For the web app deployment environment, we used a Microsoft Azure-based Windows cloud virtual machine, which is equipped with a Windows server Internet Information Services (IIS). R-shiny does not have any official documentation available to deploy web apps in Windows IIS. Alternatively, Microsoft has provided a well-defined deployment process for Python web apps using common gateway interface.7 That led us to choose the Python Flask framework for our DRRisk tool development.

The components of DRRisk include a Microsoft Azure cloud-based platform running IIS (Internet Information Services) server and Python Flask based web framework. The most essential feature of our tool is to assess a person’s diabetic retinopathy risk using risk factor data from a patient’s medical records. In case of incorrect inputs, this tool allows users to change/update inputted data easily after getting an assessment result.

Consultations with experts to determine minimum number of features that must be input

DRRisk’s risk factor data elements were selected using a feature subset selection process in the machine-learning model development phase of our study.5 These 14 risk factors are Duration of Diabetes, Hemoglobin A1C, Blood Urea Nitrogen (BUN), Age, Systolic Blood Pressure, Diastolic Blood Pressure, Hemoglobin, Sex, Ethnicity, Insulin Dependence, Nephropathy, Neuropathy, Stroke, and Triglycerides. We consulted an endocrinologist, a primary care doctor and an ophthalmologist on the ideal set of risk factors from these original fourteen that would be required for the model, because there was a concern that fourteen variables would be too many for busy clinicians to input. As an outcome of this consultation, six risk factors were selected out of fourteen based on a balance between their ease of acquisition and their importance for accuracy of the model. These six risk factors are divided into three numerical (Duration of Diabetes, Hemoglobin A1C, and Blood Urea Nitrogen) and three categorical (Sex, Ethnicity, and Insulin Dependence) risk factors.

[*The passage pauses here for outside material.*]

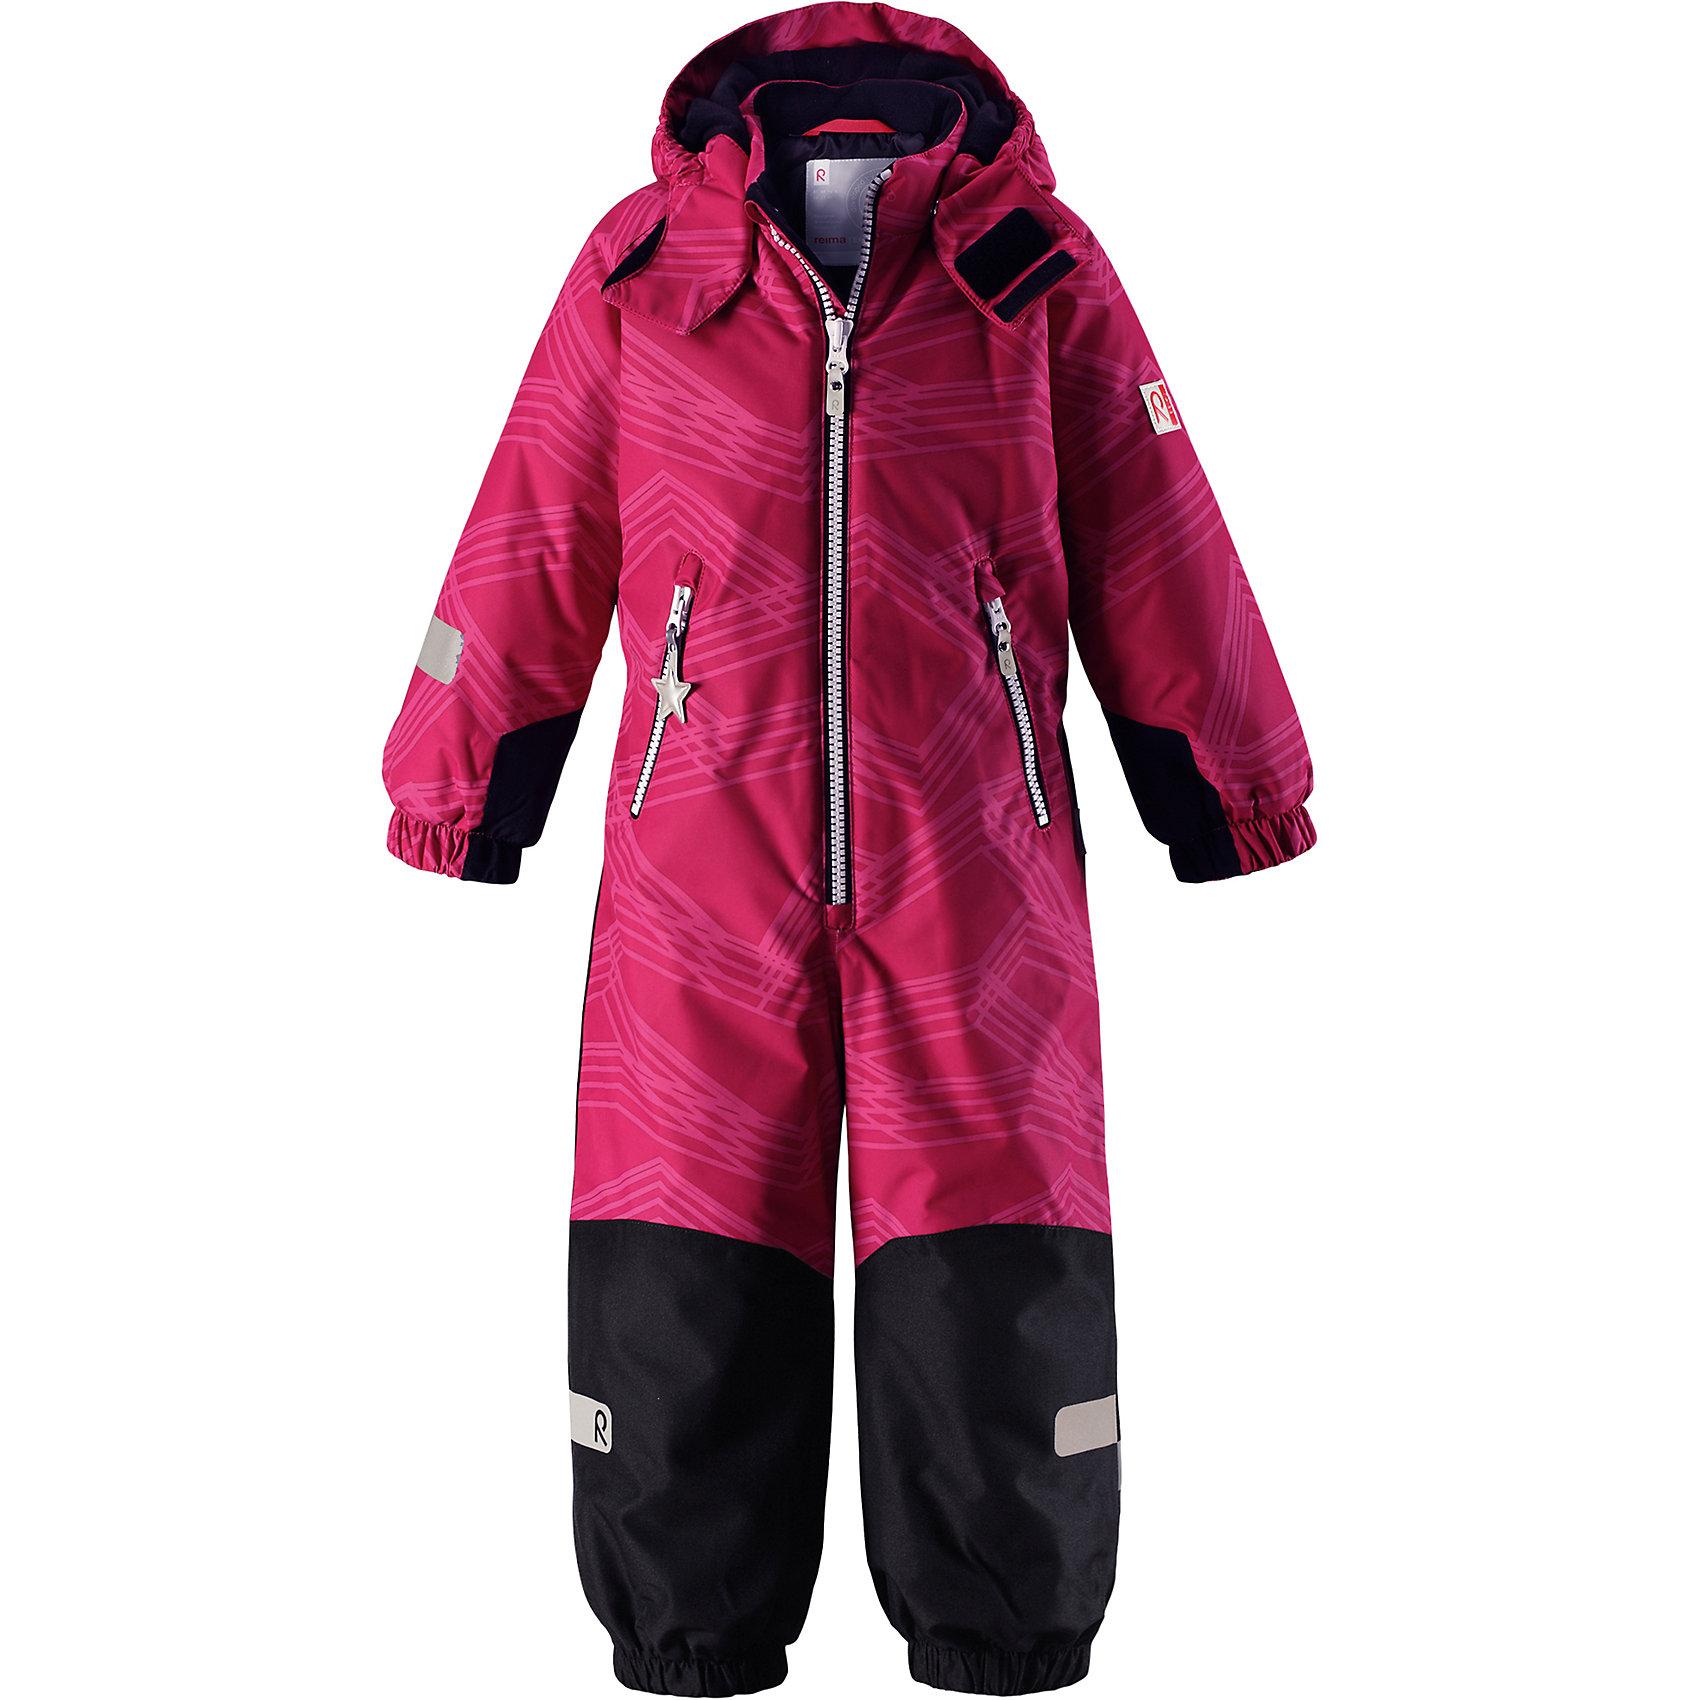 Комбинезон Reimatec® Reima SnowyВерхняя одежда<br>Характеристики товара:<br><br>• цвет: розовый;<br>• состав: 100% полиэстер;<br>• подкладка: 100% полиэстер;<br>• утеплитель: 160 г/м2<br>• температурный режим: от 0 до -20С;<br>• сезон: зима; <br>• водонепроницаемость: 8000/10000 мм;<br>• воздухопроницаемость: 7000/5000 мм;<br>• износостойкость: 30000/50000 циклов (тест Мартиндейла);<br>• водо- и ветронепроницаемый, дышащий и грязеотталкивающий материал;<br>• все швы проклеены и водонепроницаемы;<br>• прочные усиленные вставки внизу, на коленях и снизу на ногах;<br>• гладкая подкладка из полиэстера;<br>• мягкая резинка на кромке капюшона и манжетах;<br>• застежка: молния с защитой подбородка;<br>• безопасный съемный капюшон на кнопках;<br>• внутренняя регулировка обхвата талии;<br>• прочные съемные силиконовые штрипки;<br>• два кармана на молнии;<br>• светоотражающие детали;<br>• страна бренда: Финляндия;<br>• страна изготовитель: Китай.<br><br>Зимний комбинезон на молнии изготовлен из водо и ветронепроницаемого материала с водо и грязеотталкивающей поверхностью. Все швы проклеены, водонепроницаемы. Комбинезон снабжен прочными усилениями на задней части, коленях и концах брючин. В этом комбинезоне прямого кроя талия при необходимости легко регулируется, что позволяет подогнать комбинезон точно по фигуре. <br><br>Съемный капюшон защищает от пронизывающего ветра, а еще он безопасен во время игр на свежем воздухе. Кнопки легко отстегиваются, если капюшон случайно за что-нибудь зацепится. Силиконовые штрипки не дают концам брючин задираться, бегай сколько хочешь! Образ довершают мягкая резинка по краю капюшона и на манжетах, два кармана на молнии и светоотражающие детали. <br><br>Комбинезон Snowy Reimatec® Reima от финского бренда Reima (Рейма) можно купить в нашем интернет-магазине.<br><br>Ширина мм: 356<br>Глубина мм: 10<br>Высота мм: 245<br>Вес г: 519<br>Цвет: розовый<br>Возраст от месяцев: 48<br>Возраст до месяцев: 60<br>Пол: Унисекс<br>Возраст: Детский<br>Размер: 11

Imputation approach when fewer than fourteen risk factors are input

Our tool’s machine learning model requires all fourteen risk factors in order to generate a DR risk assessment. If users enter only six risk factors, then the values for the remaining eight will be imputed using a KNN imputer object on the backend (KNN imputation for DRRisk is based on the training data for the ML model).5 Similarly, if users enter ten risk factors then the remaining four will be imputed. We encourage users to provide as many risk factors as possible to get the most accurate DR risk assessment.

Determination of risk categories (low, moderate and high) and cut-offs

To decide on the risk cut-offs for each of the three risk categories (low, moderate, and high) we consulted with domain experts in ophthalmology, internal medicine, and endocrinology. For ease of interpretation in our web-based, end-user facing tool, we converted this risk probability into three categories: low (less than 25% risk of DR), moderate (25% to 55% risk of DR), and high (greater than 55% risk of DR).

Validation and range checking for user input

We coded custom validations for all the input risk factors using JavaScript/CSS and HTML. One of the custom validations is to force users to provide the mandatory six risk factors marked with a red asterisk. These six risk factors are the minimum required for the tool to produce a useful assessment, otherwise it will rely more on imputed data which will ultimately decrease the accuracy of the assessment.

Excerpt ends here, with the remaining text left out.